In some cases, the dermatofibrosarcoma protuberans cannot be completely excised due to the peculiarities of its localization and the nature of the affected underlying tissues. For example, a neoplasm located near a joint or vertebra can germinate the joint capsule and bone structures. In such cases, radiation therapy is used, but reports on the effectiveness of this method for dermatofibrosarcoma protuberans vary. Some researchers point to a decrease in the tumor, others talk about the possibility of more aggressive growth. Chemotherapy is ineffective due to the slow growth of the neoplasm.
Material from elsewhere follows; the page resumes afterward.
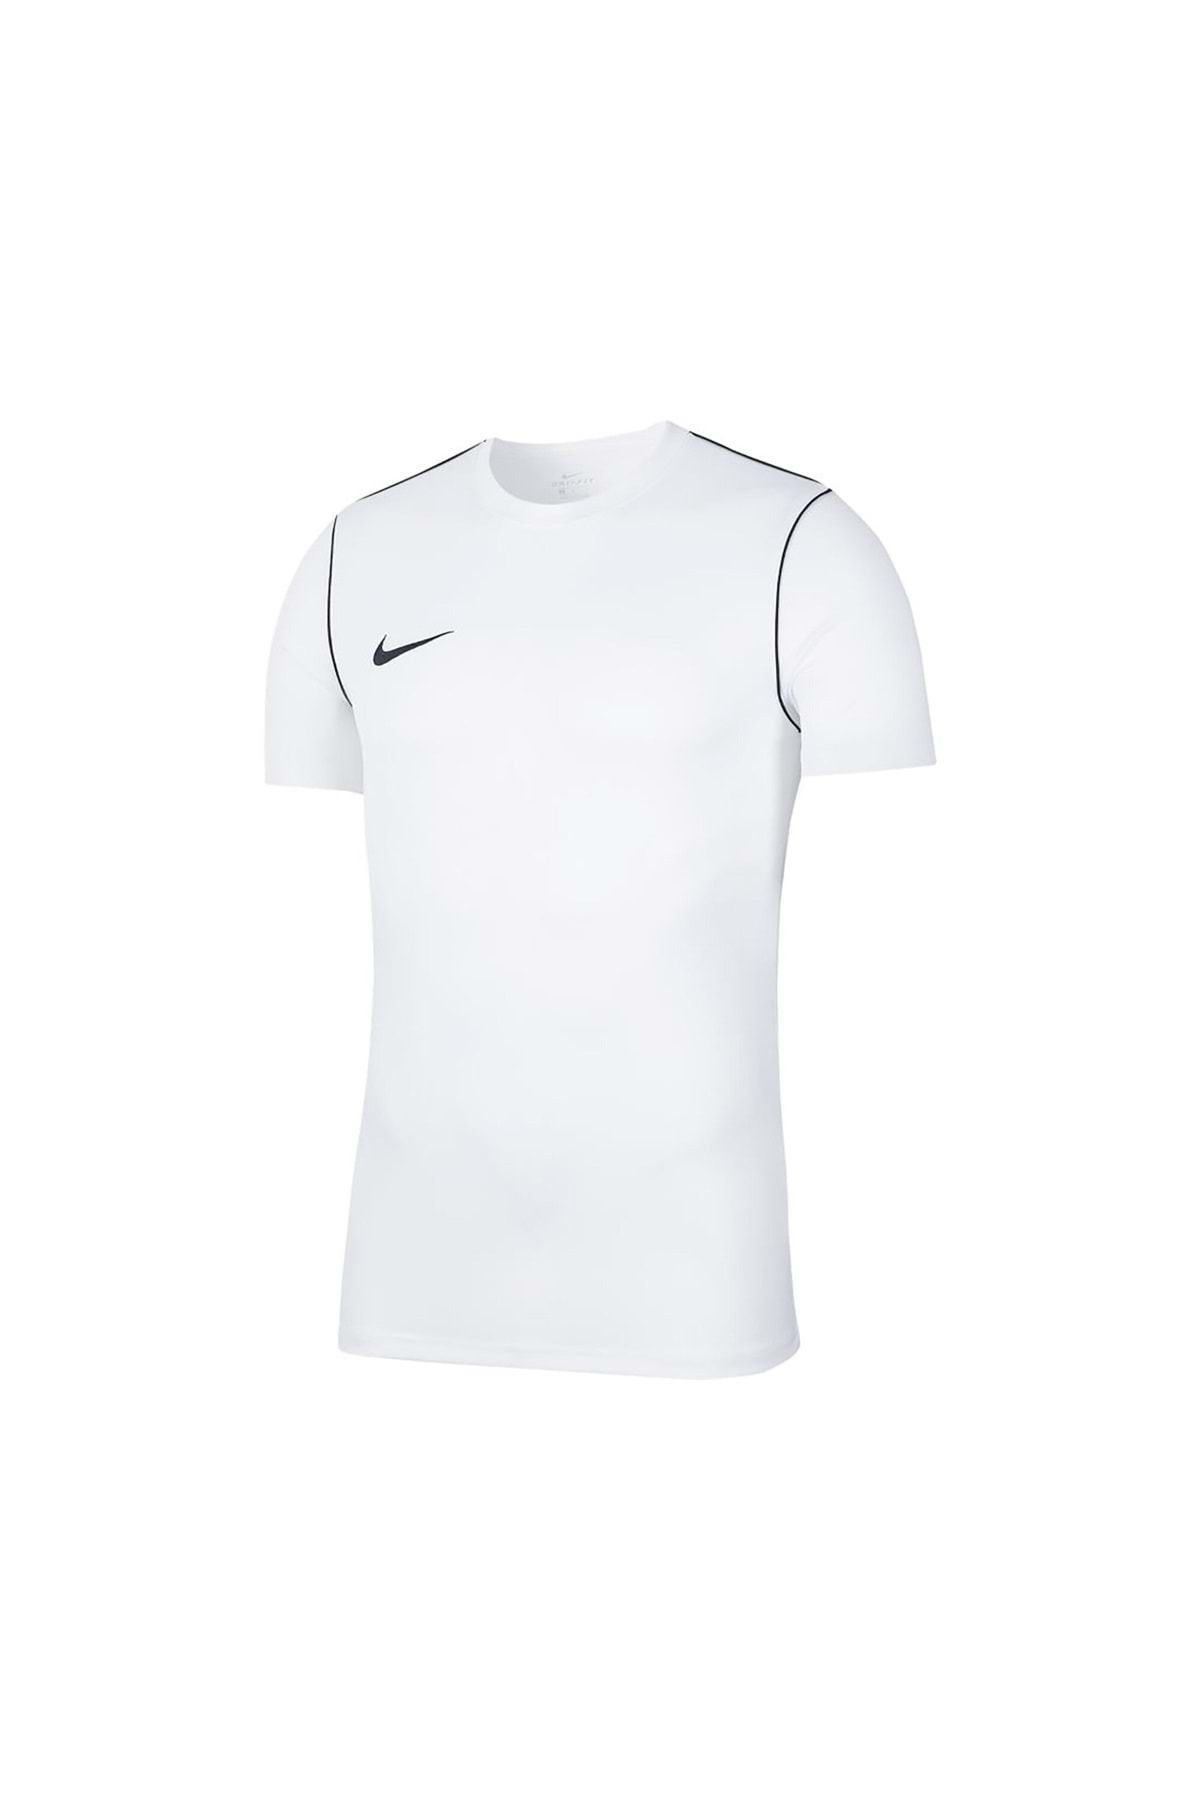 Nike Bv6883-100 Dri-fit Park Polo Tişört Erkek Futbol Forması Beyaz

The prognosis for dermatofibrosarcoma protuberans depends on the duration of the disease and the number of relapses. According to various data, the probability of recurrence after radical surgery ranges from 10 to 60%, which may be due to differences in the severity and prevalence of the process, as well as the chosen surgical technique. Relapses may occur 10 years or more after excision of the dermatofibrosarcoma protuberans, therefore, long-term follow-up is indicated for all patients. During the first three years after surgery, patients are examined every 3-6 months, then the examination is carried out annually. In the presence of repeated relapses, more frequent examinations are required due to the increased risk of distant metastases.